Rear Admiral William A. Brockett (born 22 February 1914 in Illinois) raised in Litchfield and New London, Connecticut. A naval engineer and author, Brockett served aboard a US gunboat in China at the time of the Battle of Shanghai in August 1937. In 1950, he co-authored with Robert M. Johnston Elements of Applied Thermodynamics, which was required reading by naval engineering students of the United States Naval Academy for over forty years. During the Vietnam War, he was Chief of the United States Navy's Bureau of Ships. He then served as President of the Webb Institute of Naval Architecture from 1966 to 1974. Brockett died in San Diego, California in September 1984.

Education 
Brockett attended the US Naval Academy, lettering in rowing in the same 1933 ceremony that his deputy at BuShips, Charles Curtze, received recognition for his superior performance in gymnastics.

Career 
Lieutenant (JG) Brockett served in Shanghai, China aboard the River gunboat USS Luzon (PG-47). He was temporarily attached to Headquarters Company, Fourth Marines, the so-called China Marines, at Shanghai, China in May 1940. He left Shanghai on 9 June 1940 bound for the US Naval Academy aboard the SS President Cleveland.

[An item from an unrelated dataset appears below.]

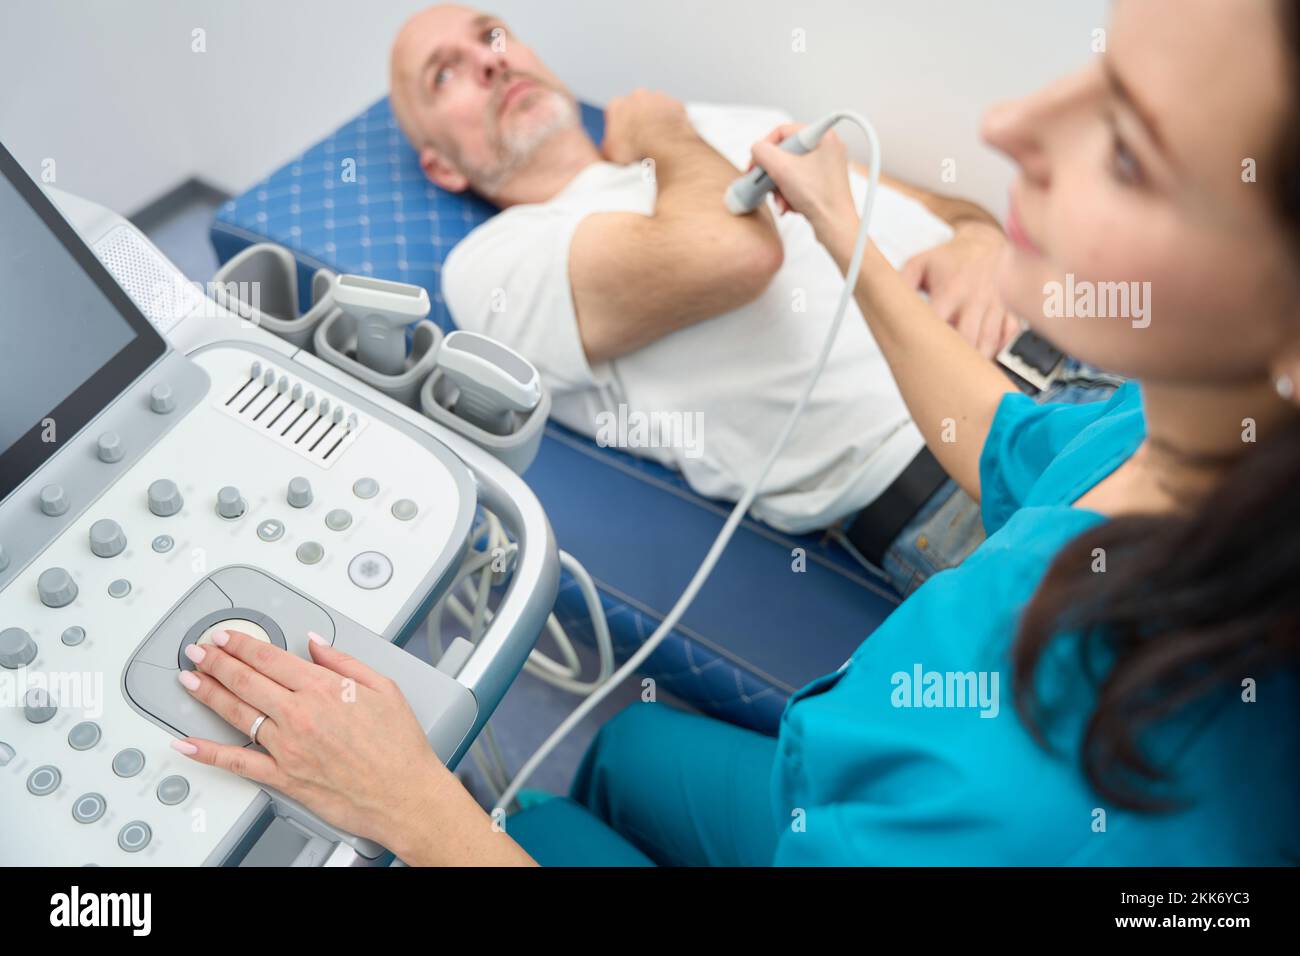 Woman performing ultrasound examination of elbow joint to a man Stock Photo

As Chief of BuShips, Brockett played a role in the investigation of the April 1963 sinking of the nuclear-powered submarine USS Thresher (SSN-593). He also participated in discussions with NASA regarding the use of stable ocean platforms in lieu of instrumentation ships for the early United States space program.

Brockett and his vice chief, Charles A. Curtze, resigned their posts at BuShips in October 1965 in protest over Secretary of Defense McNamara's increasing centralization of military power in The Pentagon.

Brockett's telegram to the commissioning of the USS Ulysses S. Grant (SSBN-631) was read aloud at the ceremony on 17 July 1964.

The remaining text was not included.